Supplied data –
========================

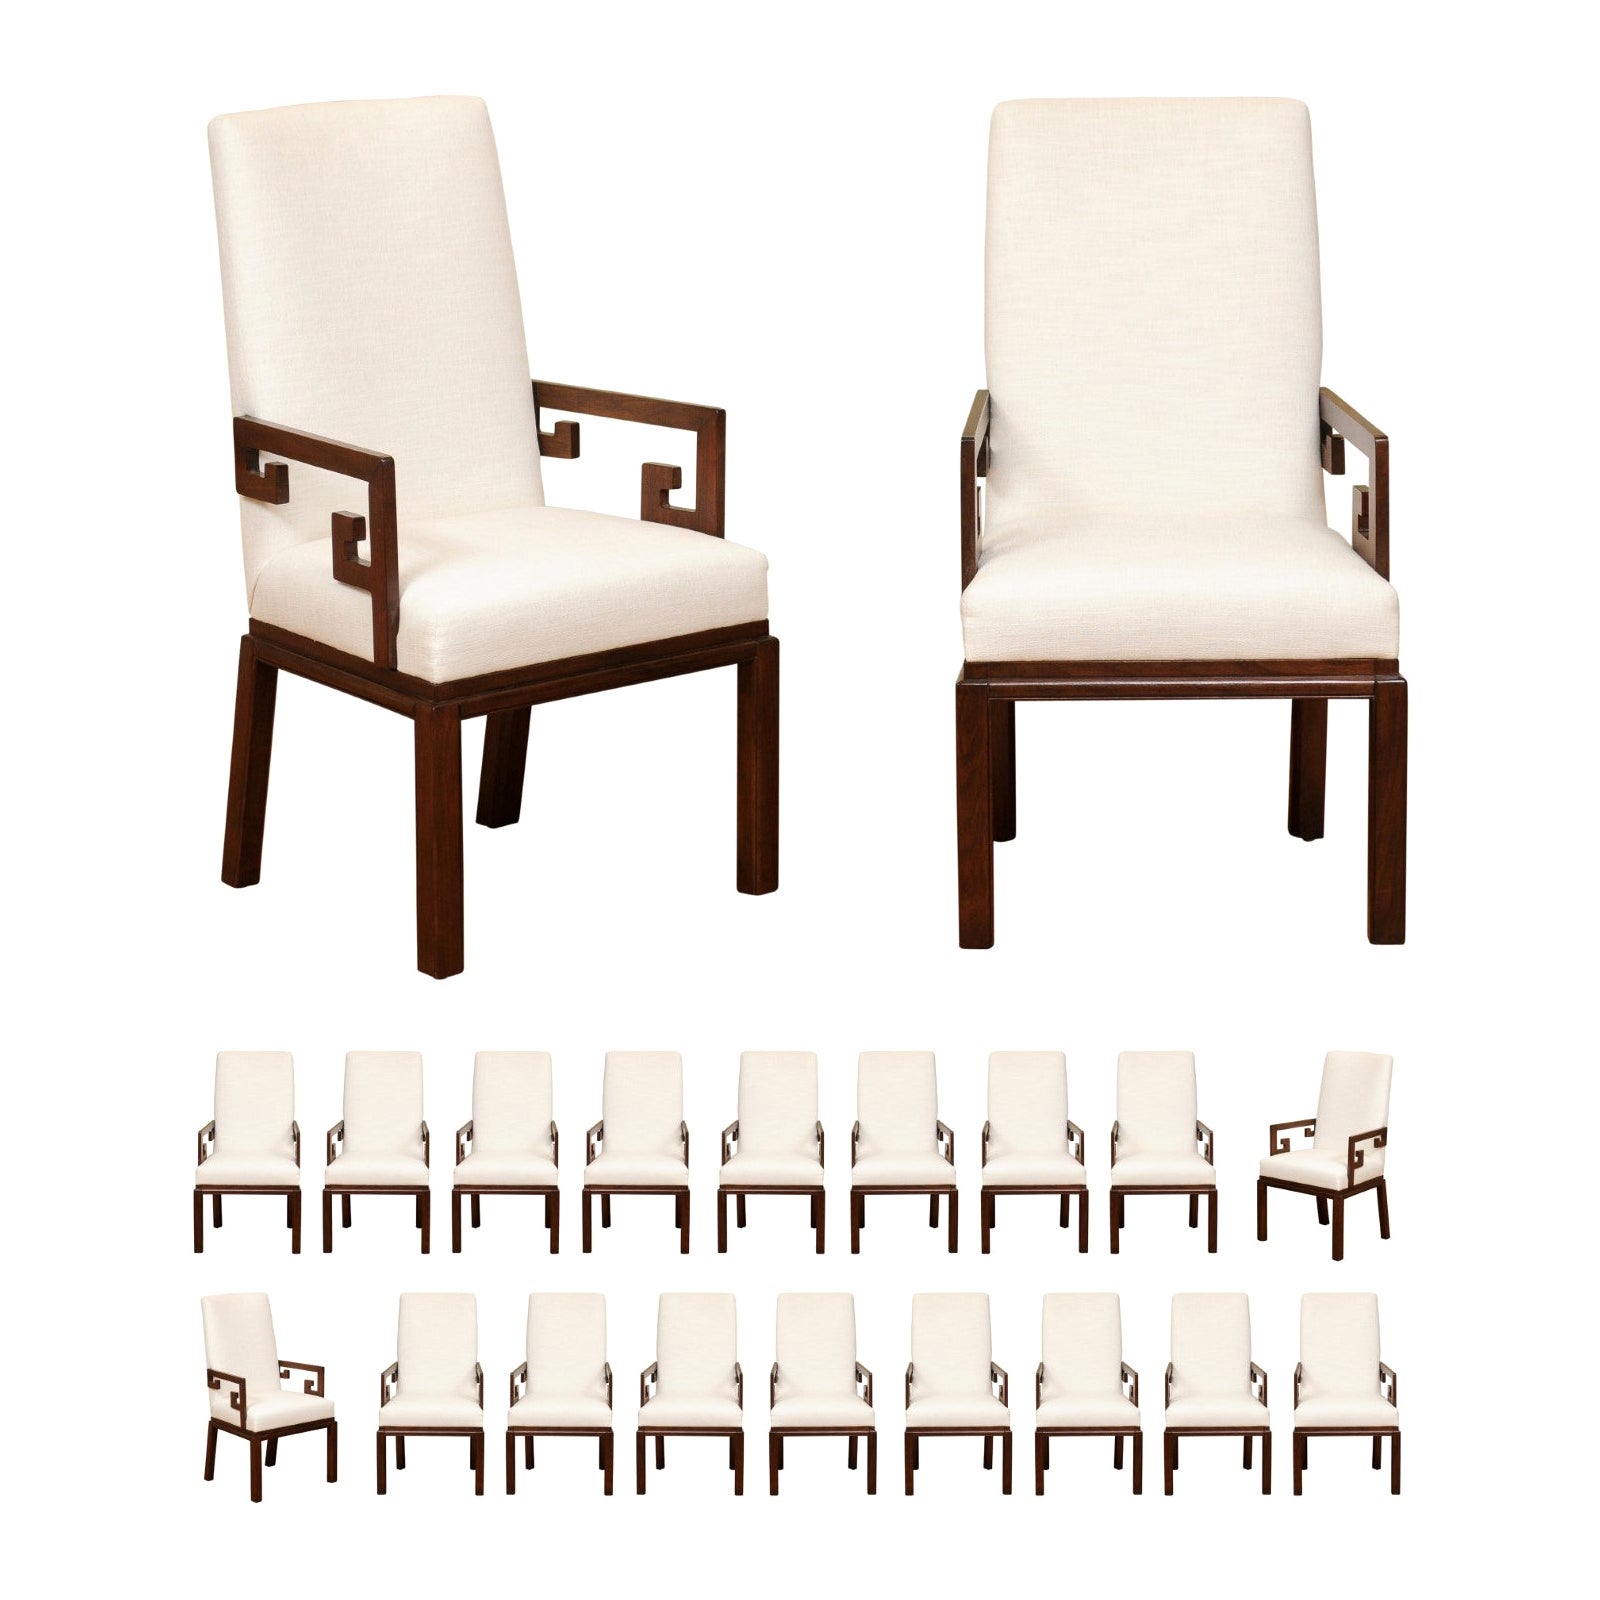 All Arms, Sublime Set of 20 Greek Key Chairs by Michael Taylor, circa 1970
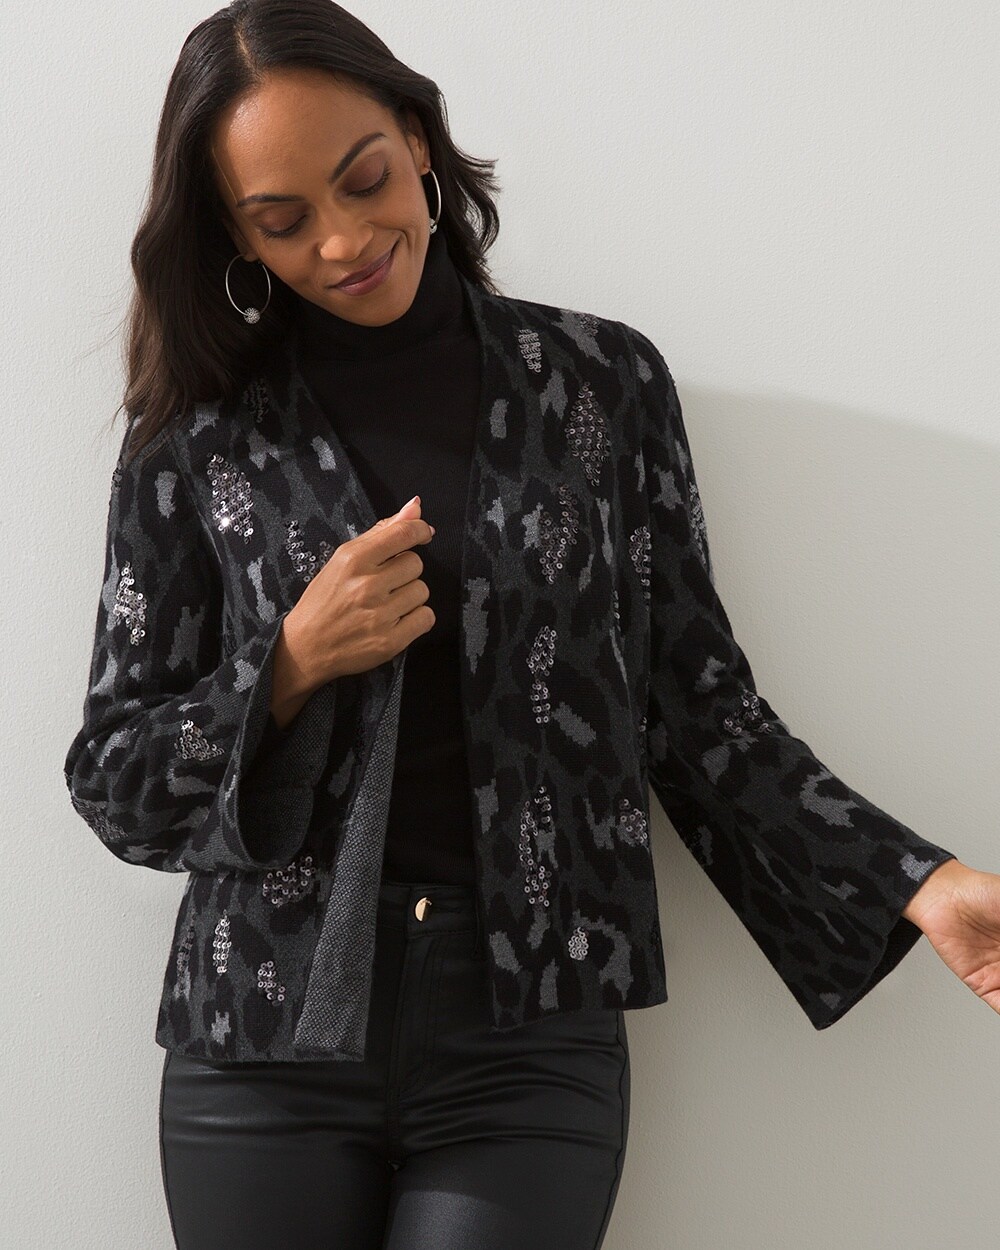 Jacquard Sequin Cardigan video preview image, click to start video
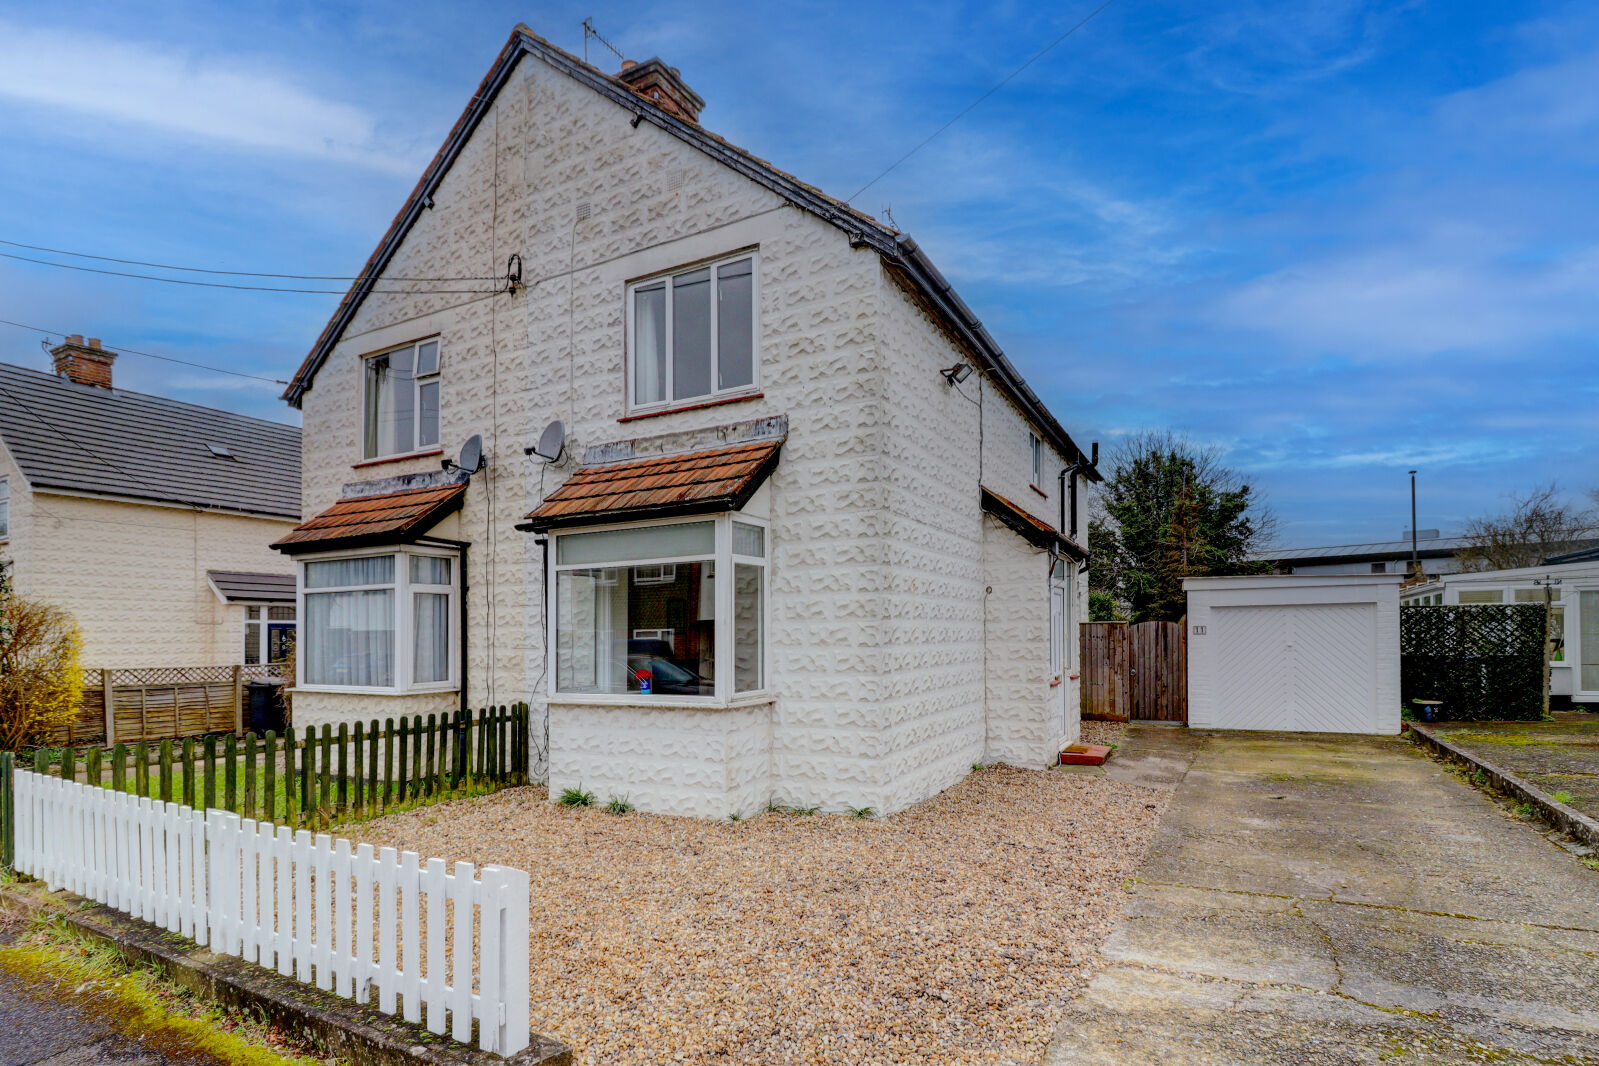 3 bedroom semi detached house for sale Old Forge Road, Loudwater, HP10, main image

========================

Task item –
Using the listing above, copy every line from the line containing "Jacquard Sequin Cardigan" through the last one, both included, and no other lines. Pictures stay out.

Task solution –
 Jacquard Sequin Cardigan video preview image, click to start video
 3 bedroom semi detached house for sale Old Forge Road, Loudwater, HP10, main image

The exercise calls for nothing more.